To do this does not require U.S. action everywhere, intimidating both friends and allies, wielding power unilaterally, and ignoring international institutions. A realistic U.S. foreign policy should be based on the interaction of Churchill’s “two As,” arms and alliances. To employ a common analogy, the U.S. is not so much the world’s policeman as it is the world’s sheriff who organizes the posse to maintain order: alliances, coalitions, and the various international institutions that create, at least in some parts of the world, an international society.

U.S. foreign policy must recognize that not all regions of the world are of equal importance to its security and prosperity: a strategy by definition implies priorities. Additionally, U.S. foreign policy must divest itself of the Clinton administration’s moralistic, crusading spirit. Foreign policy is not social work.

But U.S. foreign policy should not err in the opposite direction, accepting the notion of moral equivalence among states. Republican government is better for its citizens than other forms. Accordingly, U.S. foreign policy should, to the degree possible, favor the expansion of republican principles and practices over the expansion of illiberal ones.

Policy makers must recognize the impossibility of expanding these principles by force. For practical purposes, U.S. foreign policy must recognize that regional powers possess security zones, within which it is imprudent to threaten to use U.S. power. We should not presume that the goal of international order means preventing any regional sphere but our own.
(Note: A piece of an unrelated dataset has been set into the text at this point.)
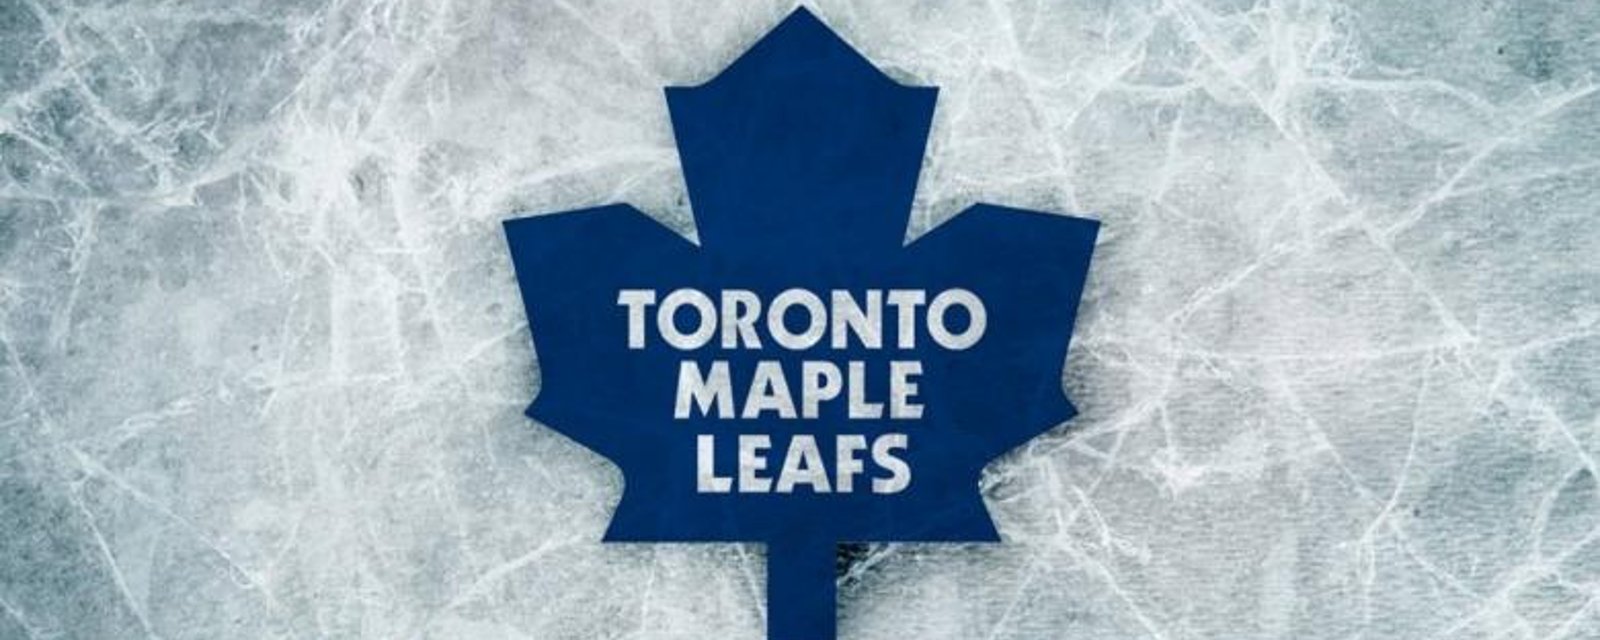 Breaking: The new Maple Leafs uniforms have been leaked!

U.S. foreign policy should not mandate a single approach to the world. In certain parts of the world, viz. Western Europe, multilateral cooperative security structures exist. In others, e.g. East Asia, a commonality of interest sufficient to support bilateral relations but not multilateral structures prevails. In still others, there are few prospects for cooperation. U.S. foreign policy should seek to strengthen and expand cooperative structures where they exist, and to take advantage of whatever opportunities may arise to develop them where they do not.
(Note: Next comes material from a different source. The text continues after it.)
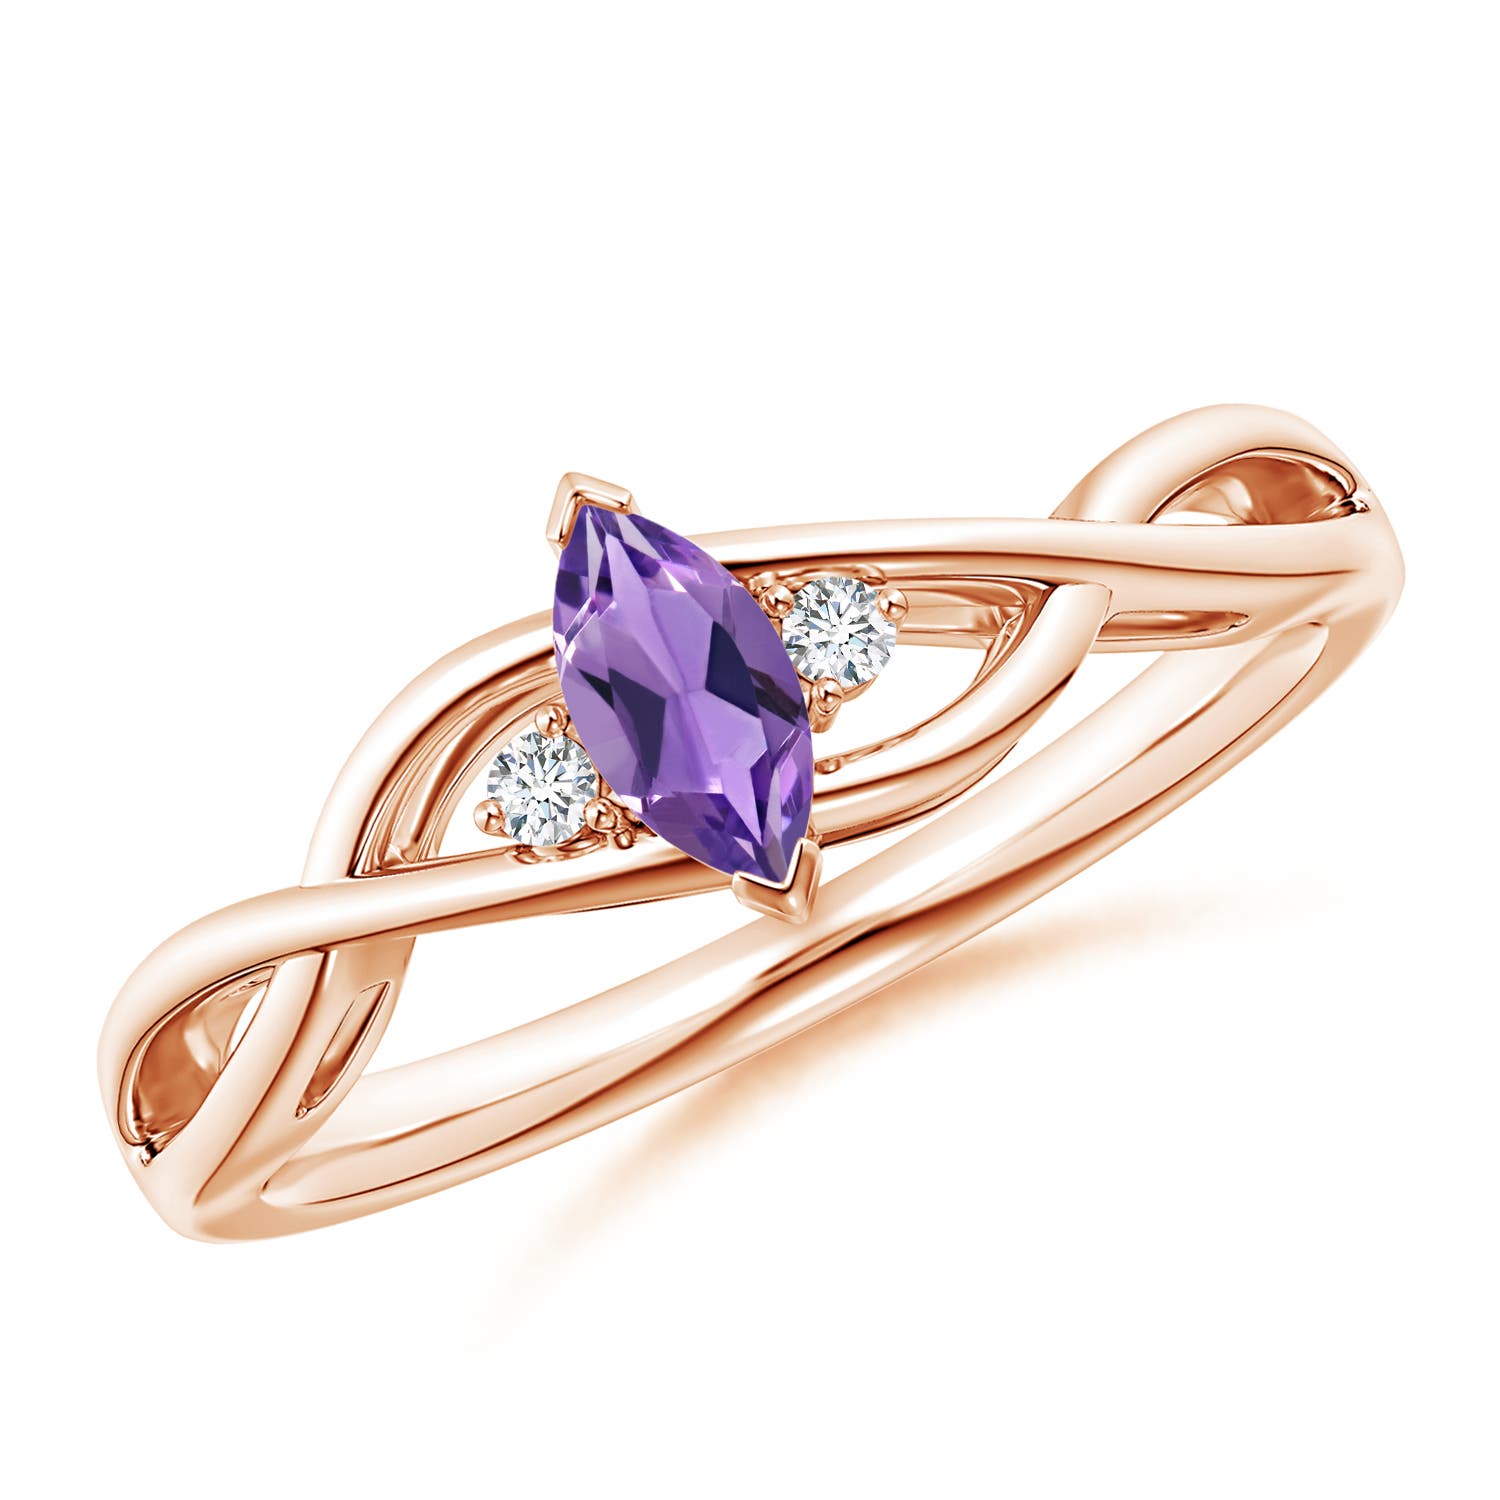 AA - Amethyst / 0.23 CT / 14 KT Rose Gold

The Importance of Strength

Fixing U.S. foreign policy requires not only the articulation of coherent goals, but also the provision of means necessary to achieve those goals. As the Yale historian Donald Kagan has argued, history indicates that “good will, unilateral disarmament, the avoidance of alliances, teaching and preaching the evils of war by those who…seek to preserve peace, are to no avail. What seems to work best…is the possession by those states who wish to preserve peace of the preponderant power and the will to accept the burdens of and responsibilities required to achieve that power.”

To shape the security environment, U.S. policy makers must be able to integrate all the instruments of U.S. national power: diplomatic, economic, and military. The major failures of the Clinton administration’s foreign policy in the realm of means have been (1) the atrophy of U.S. military power at a time when it is increasingly employed in open-ended operations in areas of only marginal importance to the United States, and (2) the hollow threat of force.

The U.S. must maintain a military capable of carrying out four broad missions: deterrence, both conventional and nuclear; constabulary operations; the projection of power to areas of importance to the U.S.; and homeland defense. Policy makers must ensure that the U.S. military is capable of shaping today’s security environment by deterring aggression and reassuring allies while preparing for the possible rise of a future peer competitor.

Foreign policy requires the prudent balance between ends and means. Fixing U.S. foreign policy requires the elimination of the current mismatch between ends and means. The failure to do so is a recipe for failure.

Mackubin Thomas Owens is professor of strategy and force planning at the Naval War College in Newport, RI, and an Adjunct Fellow at the Ashbrook Center. The views expressed are his own and do not reflect the position of the Naval War College, Navy Department, or Department of Defense.